Мод, сворачивая вязание, разумно посоветовала принимать антифлогистин, если Натаниелю по-настоящему плохо.
– Конечно, плохо! – огрызнулся Натаниель. – И не думайте, что я позволю насмехаться надо мной! Я никогда этого не позволю! Если бы кто-нибудь хоть немного заботился... Впрочем, я хочу слишком многого! Мало того что в доме толчется куча народу, меня еще заставляют слушать мерзкую бёлиберду, которая должна была заставить покраснеть любую приличную женщину!
– Меня тошнит от ваших разговоров о приличных женщинах, – вспыхнула Паула. – Если вы не можете оценить гения, тем хуже для вас! Вы просто не хотите запускать руку в карман, потому и закатываете сцену! Старый лицемер, я всей душой презираю вас!

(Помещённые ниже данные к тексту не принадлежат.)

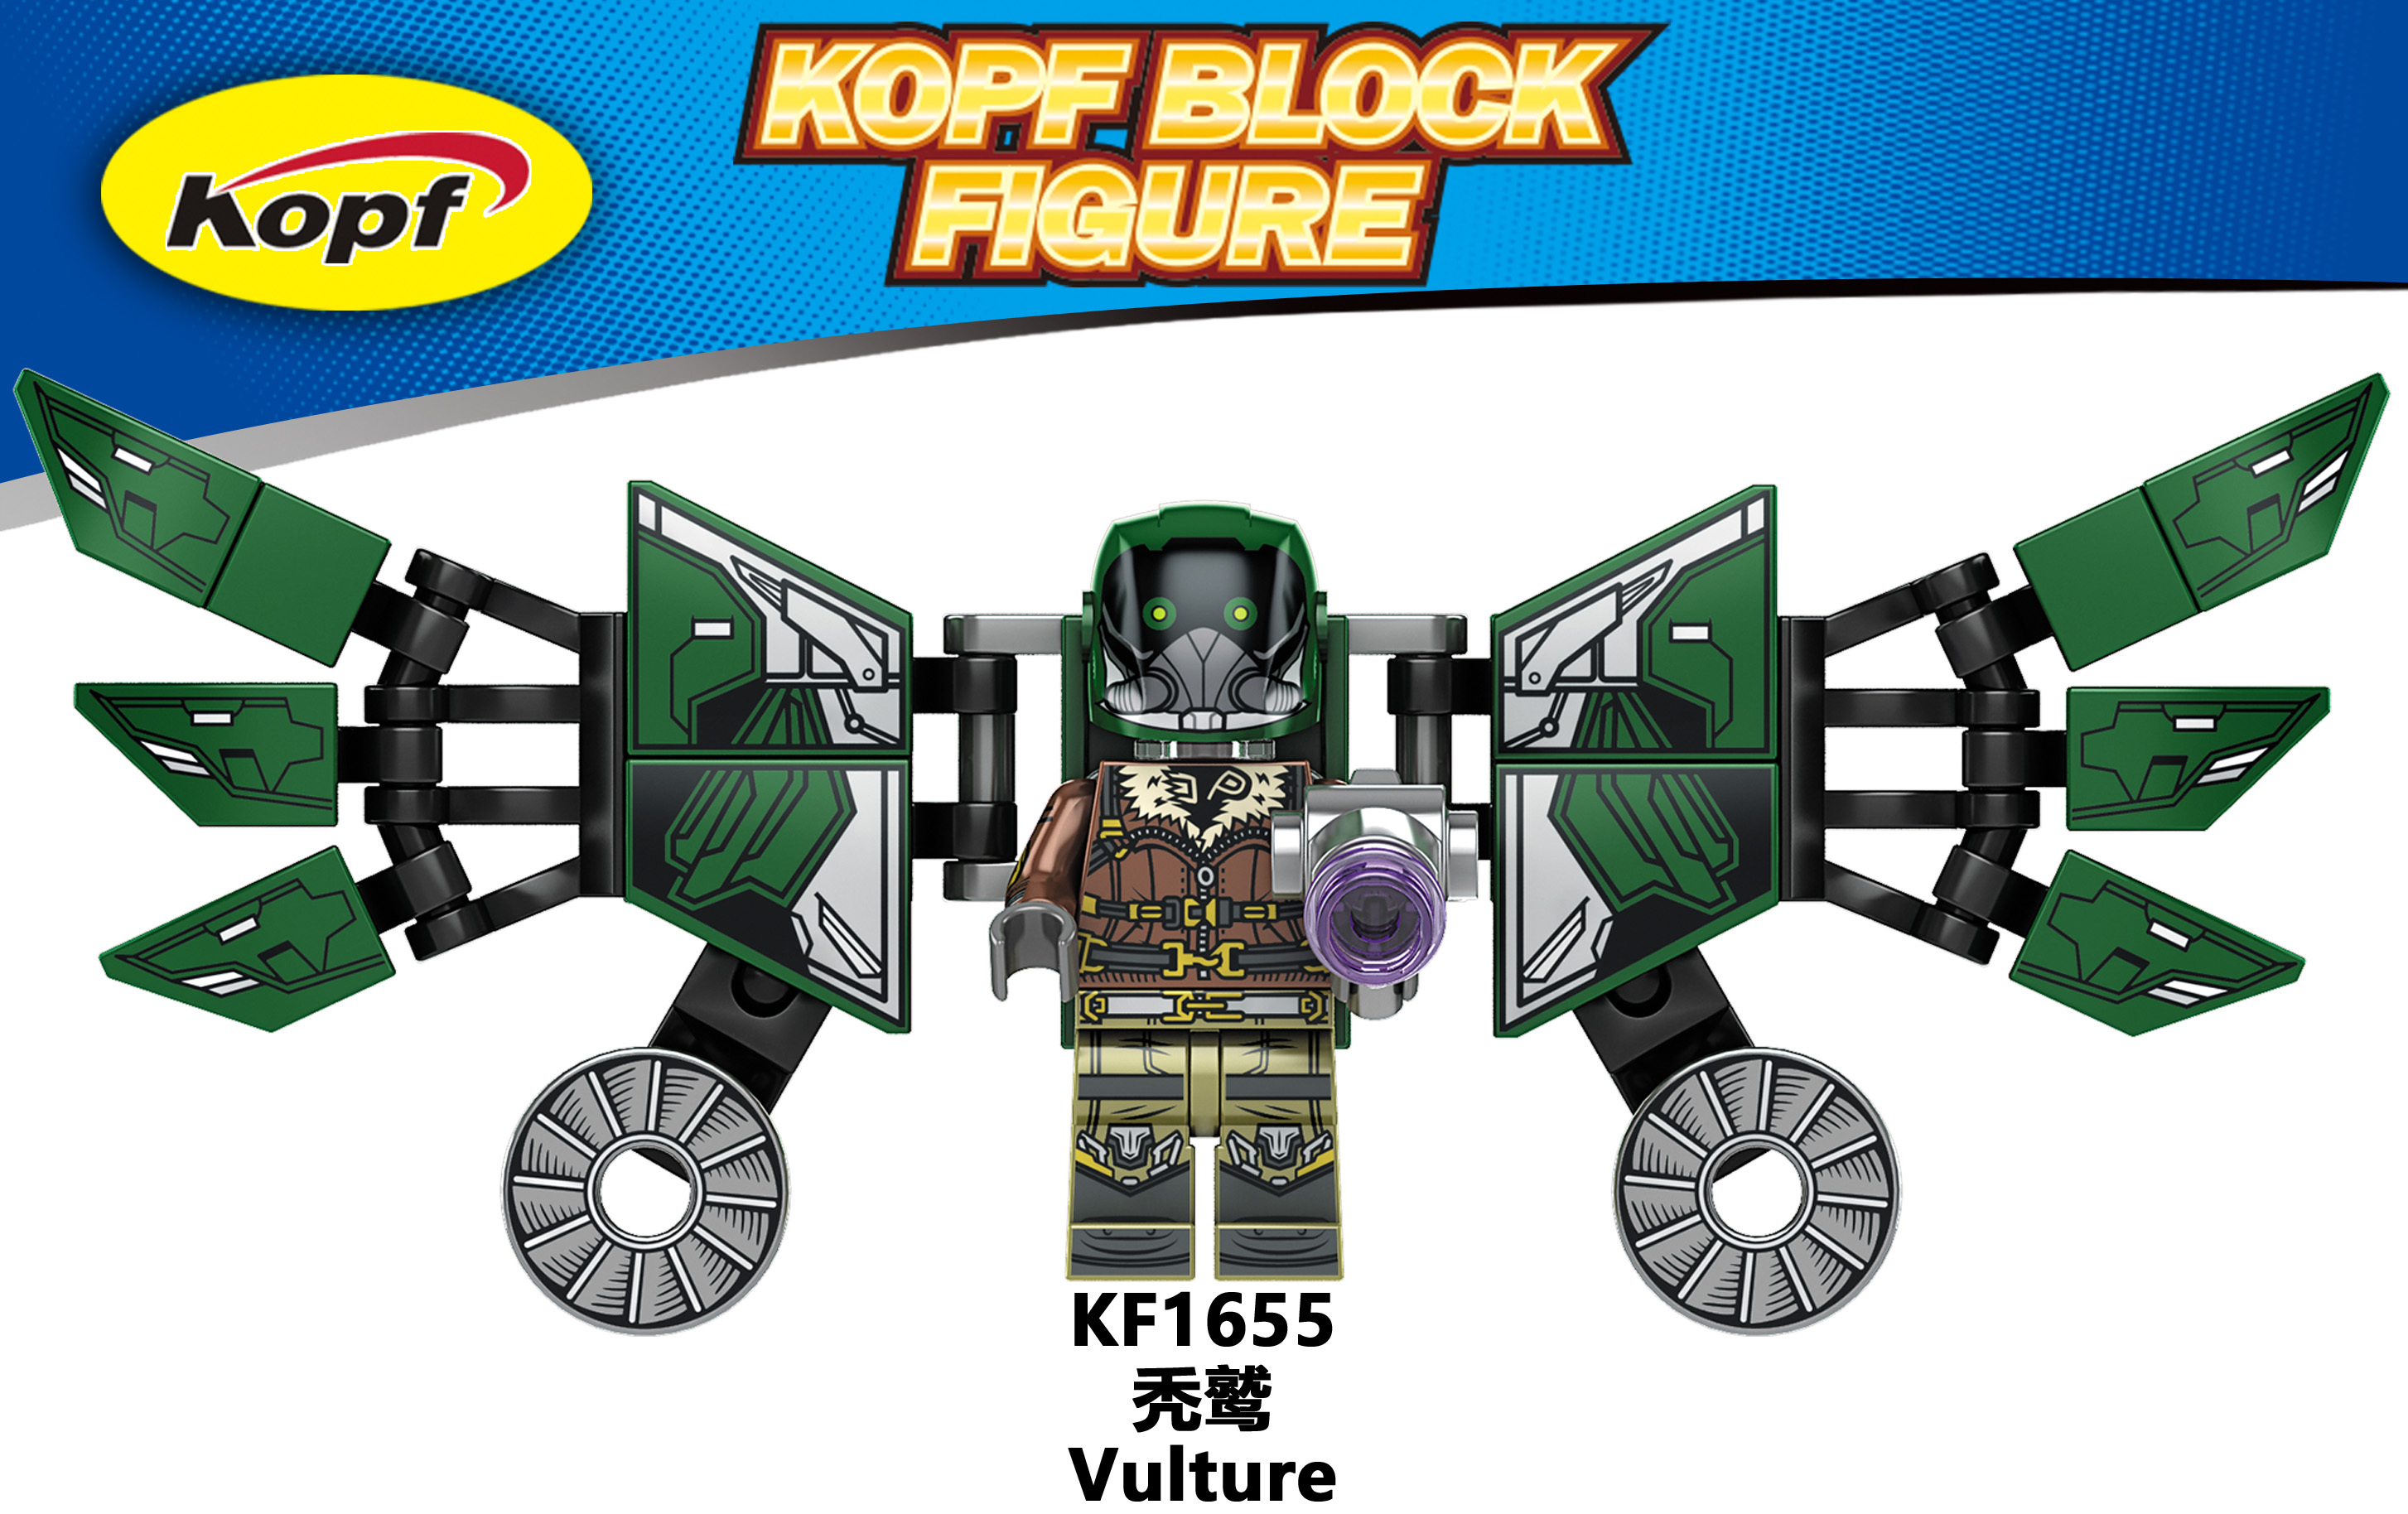 KF1649 KF1650 KF1651 KF1652 KF1653 KF1654 KF1655 KF1656 KF6154 Building Blocks Bricks Spiderman Scorpion Vulture Lizard  Electro  gREENMovie Series Action Educational Toys for Kids Gifts 
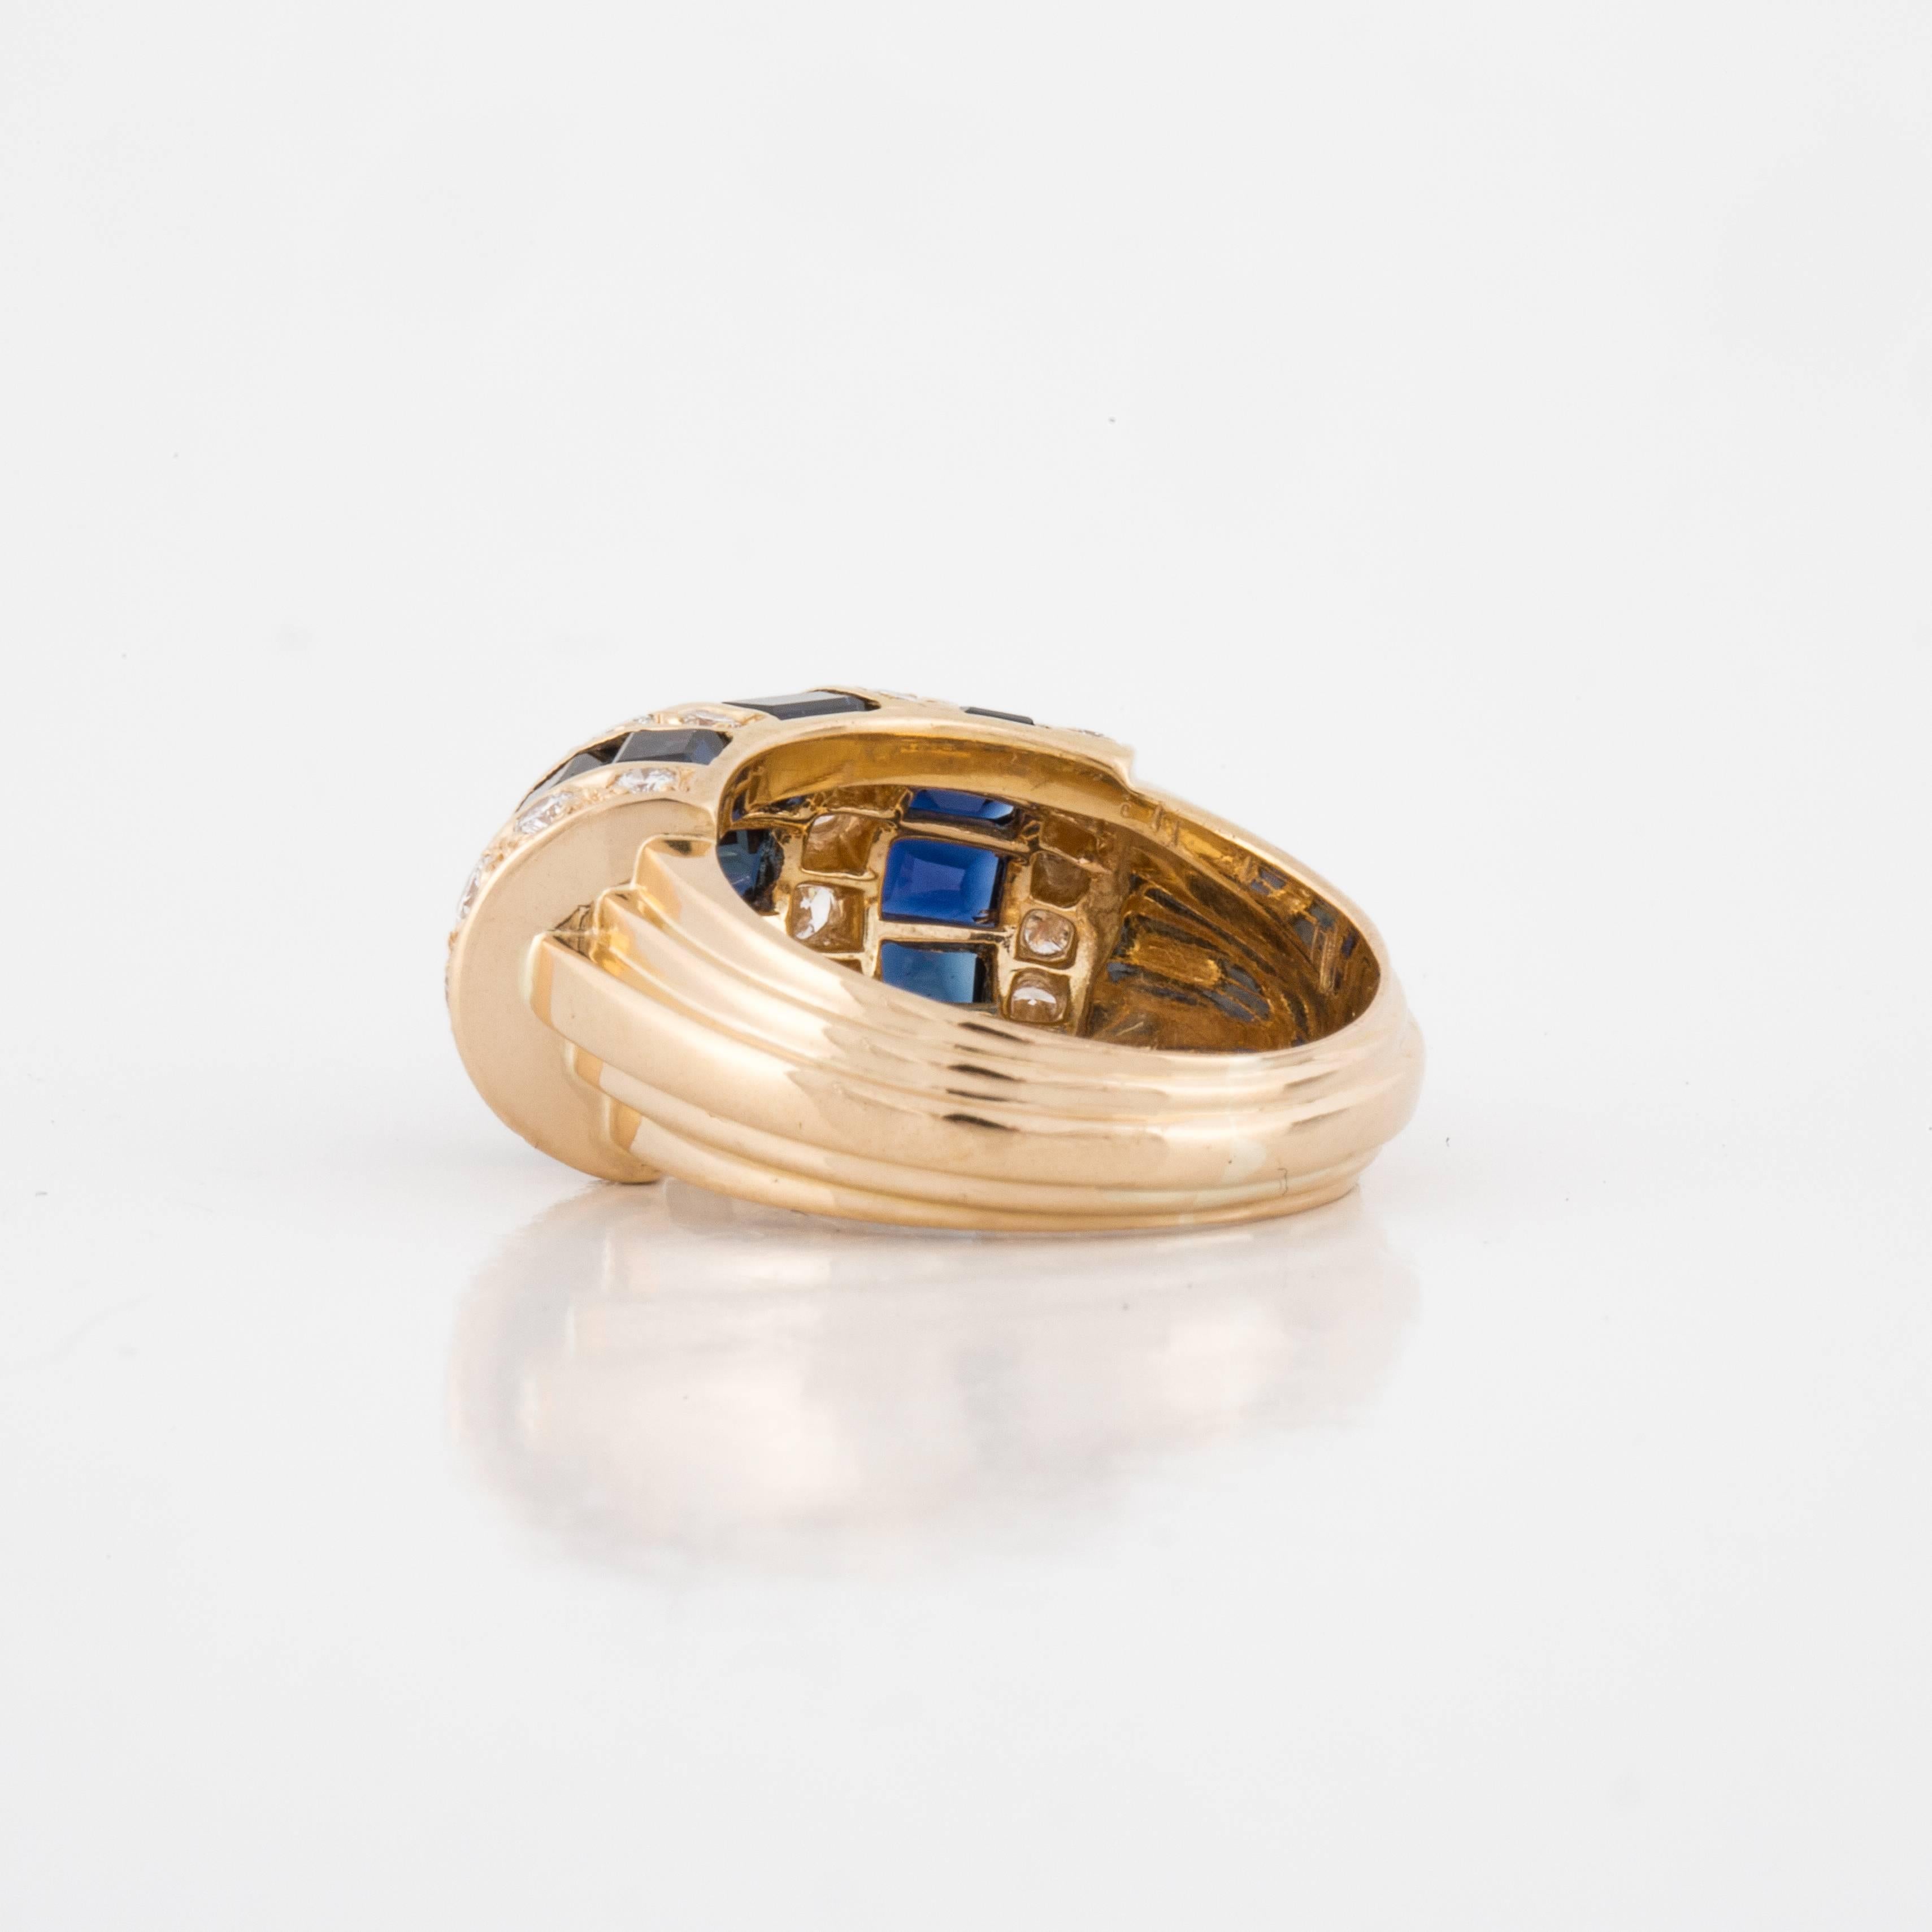 Mixed Cut Oscar Heyman Bros. Sapphire and Diamond Ring in 18K Gold For Sale

– Да, ты была бы рада, если бы я лежал в земле! Я знаю! – в тон ей вопил Натаниель, испытывая огромное удовольствие от этой освежающей перепалки. – Я вижу тебя насквозь! Все вы, бабы, одинаковые. Деньги – только это вам и нужно! Ну, моих ты не получишь, чтобы ты потратила их на этого молокососа! Это мое окончательное решение!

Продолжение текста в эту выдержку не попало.